EXERCISE -
Leave out the pictures, and retype the remaining data exactly.

DATA EXTRACT -
- Opening Delimiter -

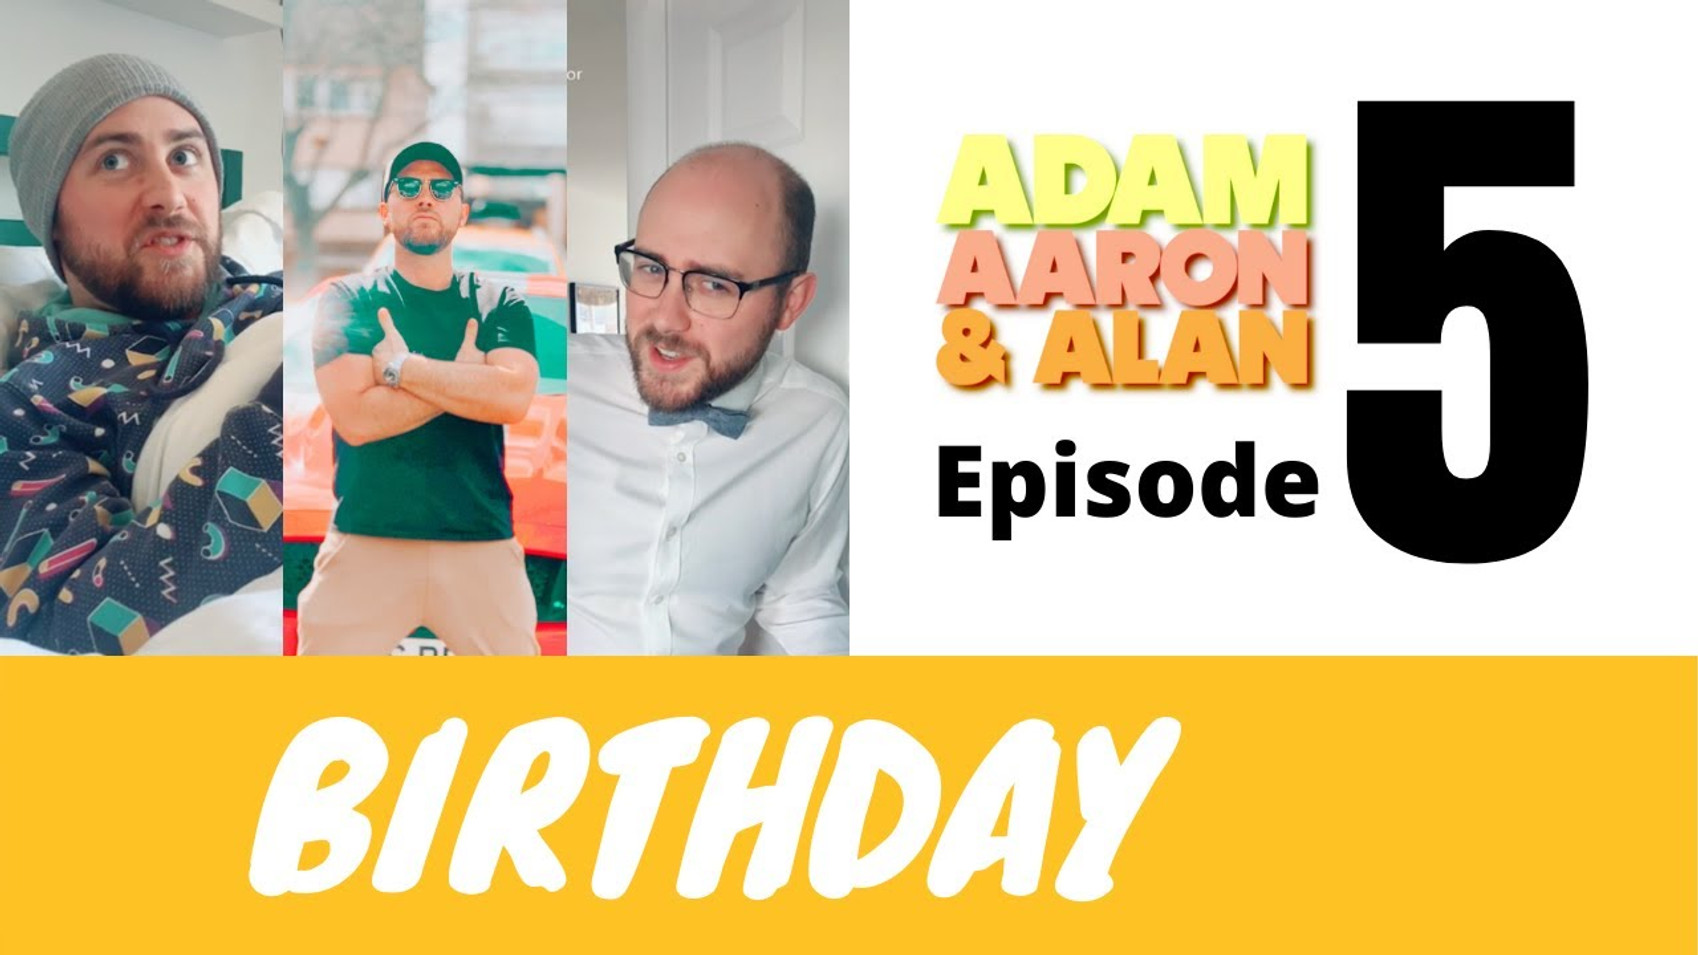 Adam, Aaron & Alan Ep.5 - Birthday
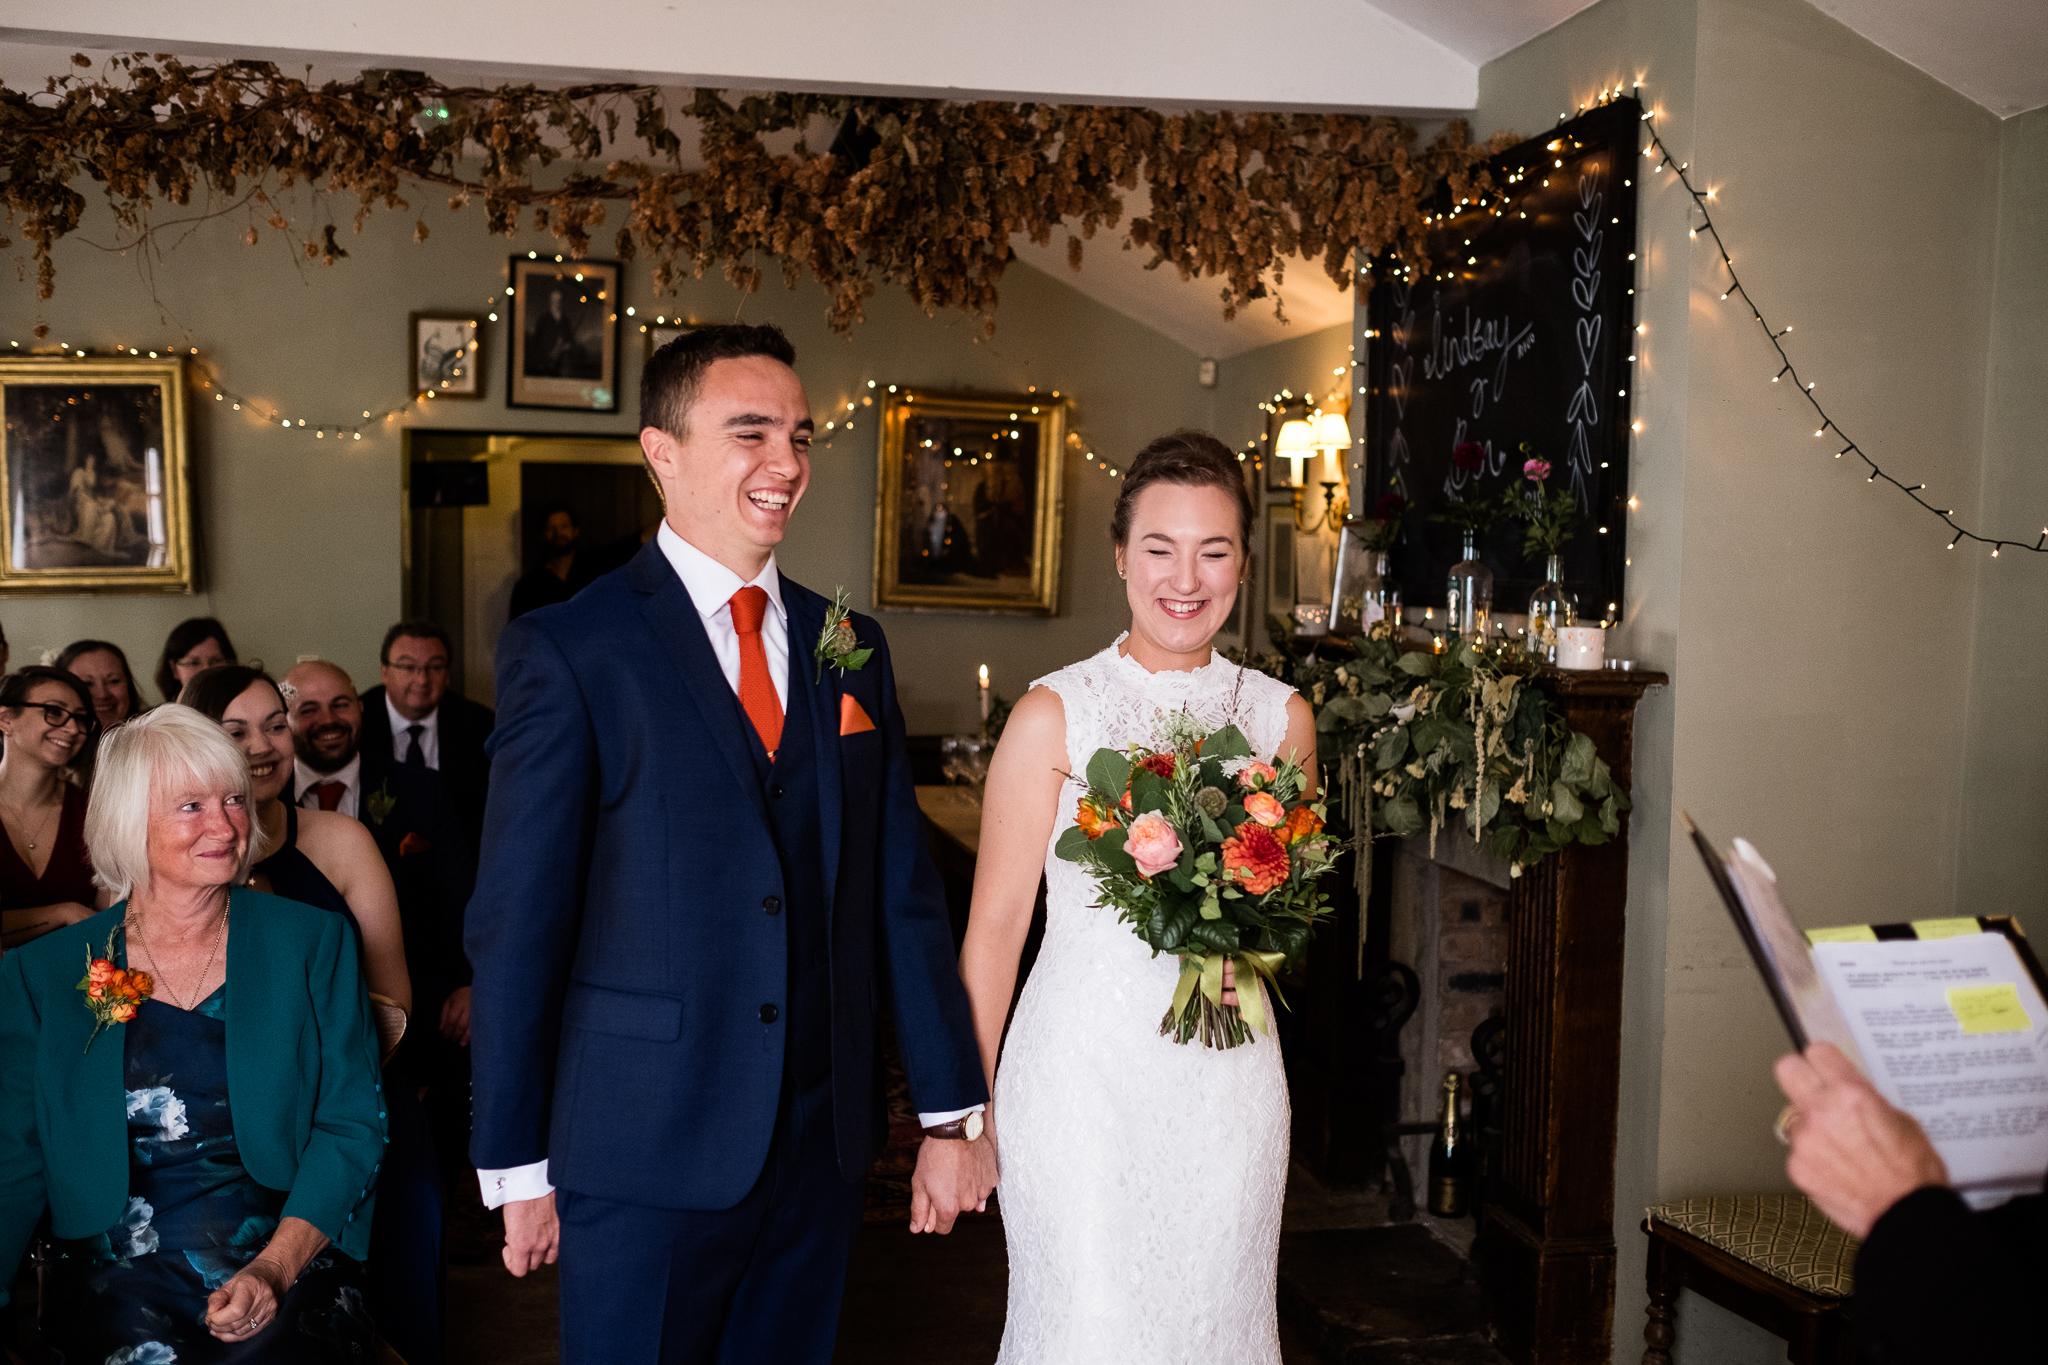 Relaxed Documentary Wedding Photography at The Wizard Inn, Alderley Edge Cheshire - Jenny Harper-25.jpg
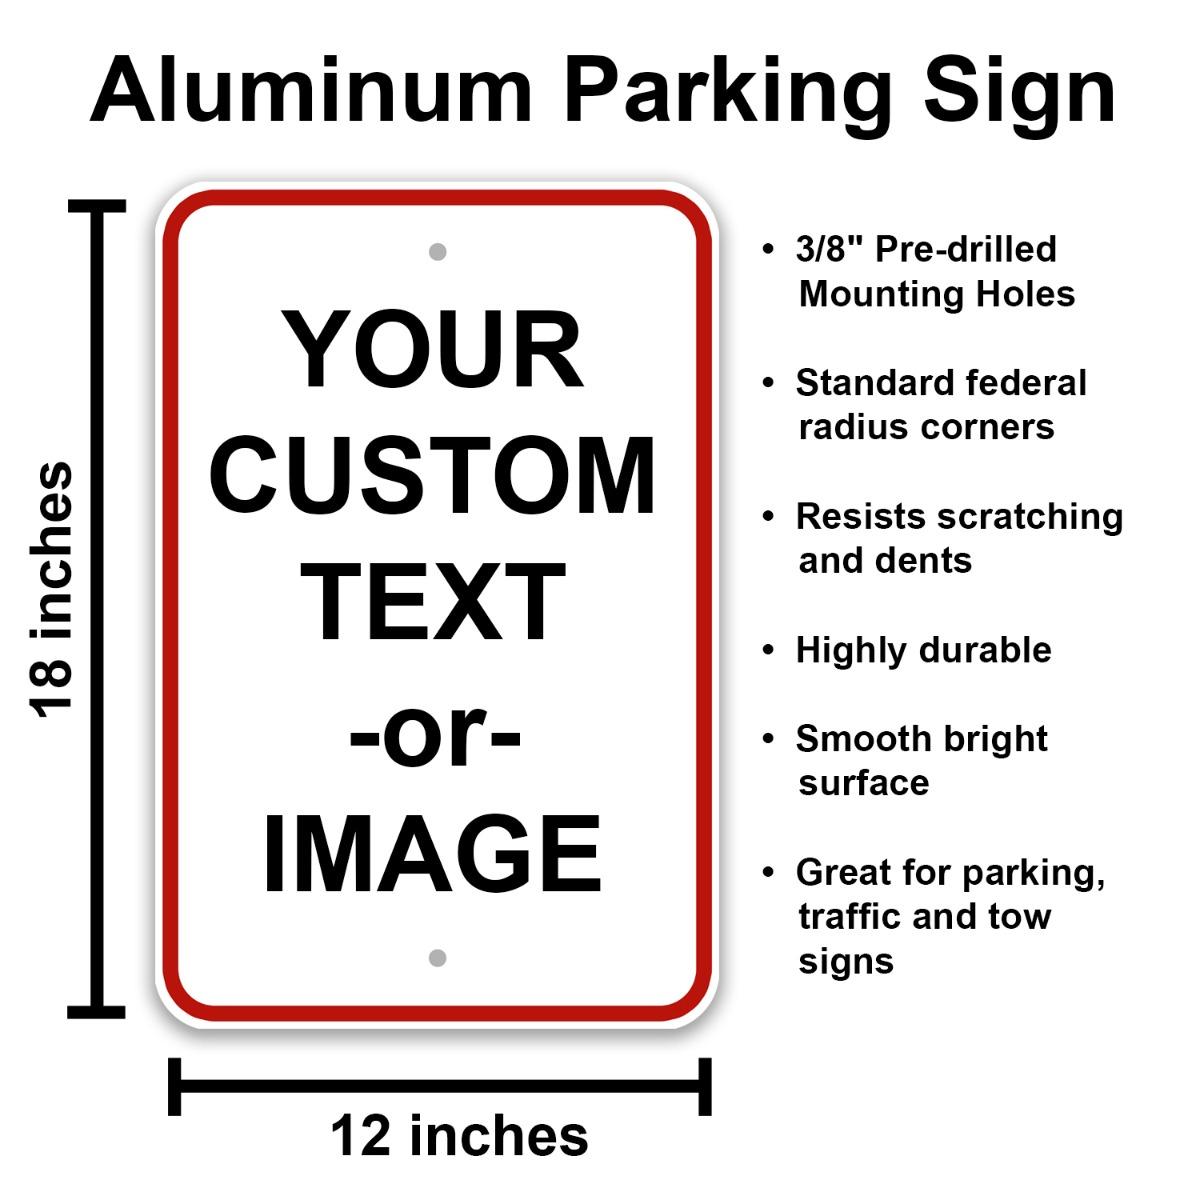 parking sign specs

- Closing Delimiter -

RESPONSE FOR THIS EXERCISE -
 Adam, Aaron & Alan Ep.5 - Birthday
 Relaxed Documentary Wedding Photography at The Wizard Inn, Alderley Edge Cheshire - Jenny Harper-25.jpg
 parking sign specs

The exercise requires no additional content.